Por isso, diz Tatiana, é fundamental pensar em um política integrada de desenvolvimento de IA que considere tanto aplicações de serviço quanto infraestrutura. No Rio, uma das formas que isso têm sido feito é aproveitando o modelo de Contrato Público para Solução Inovadora, previsto no Marco Legal da Startup, que facilita a contratação de empresas de tecnologia para projetos tecnológicos inovadores.
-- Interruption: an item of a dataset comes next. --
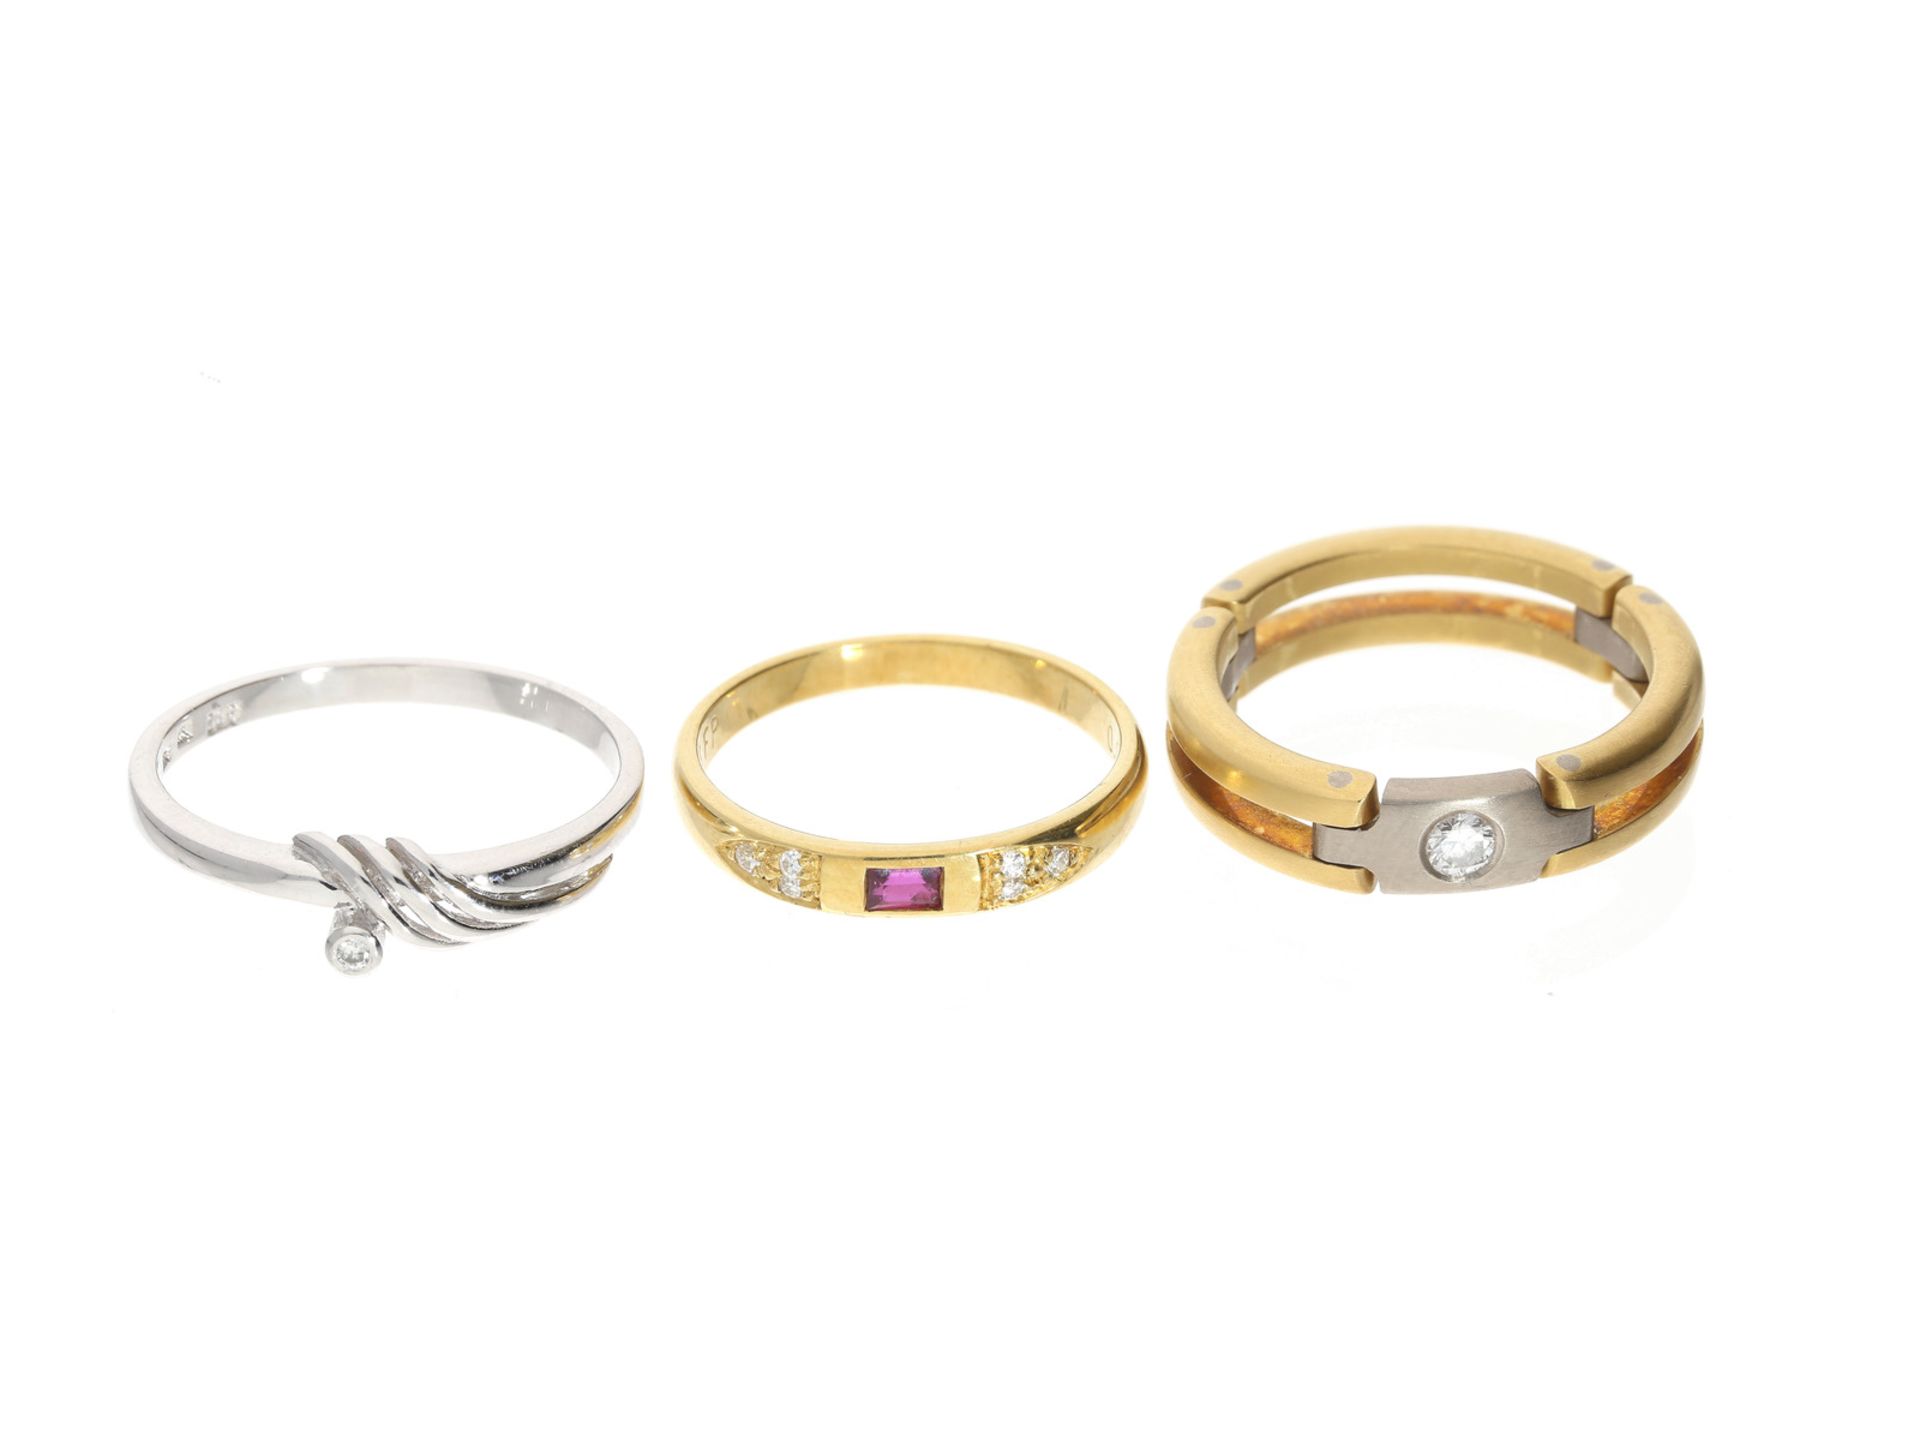 Ring: Konvolut moderne/vintage GoldschmiederingeKonvolut bestehend aus 3 Goldschmiederingen, RG52-

Usando em excesso, o termo 'inovação' corre o risco de perder significado. Mas um plano de Tatiana para o Rio de Janeiro devolve o peso a essa palavra. "Nós queremos criar digital twins de áreas vulneráveis do Rio", contou.
Digital twins são modelos digitais de uma região real onde é possível fazer simulações e fazer cenários futuros. No Rio, o objetivo seria utilizar dados diversos para modelar o resultado de eventos climáticos extremos em áreas como a Rocinha. A partir daí, a ideia é criar uma plataforma integrada onde seria possível discutir soluções junto à população.
"Isso nos permitiria abrir debates difíceis de forma informada com as pessoas", explicou Tatiana, para quem o projeto é um sonho. Mas um sonho com data para ser apresentado: a Conferência da Década dos Oceanos em 2027, no Rio.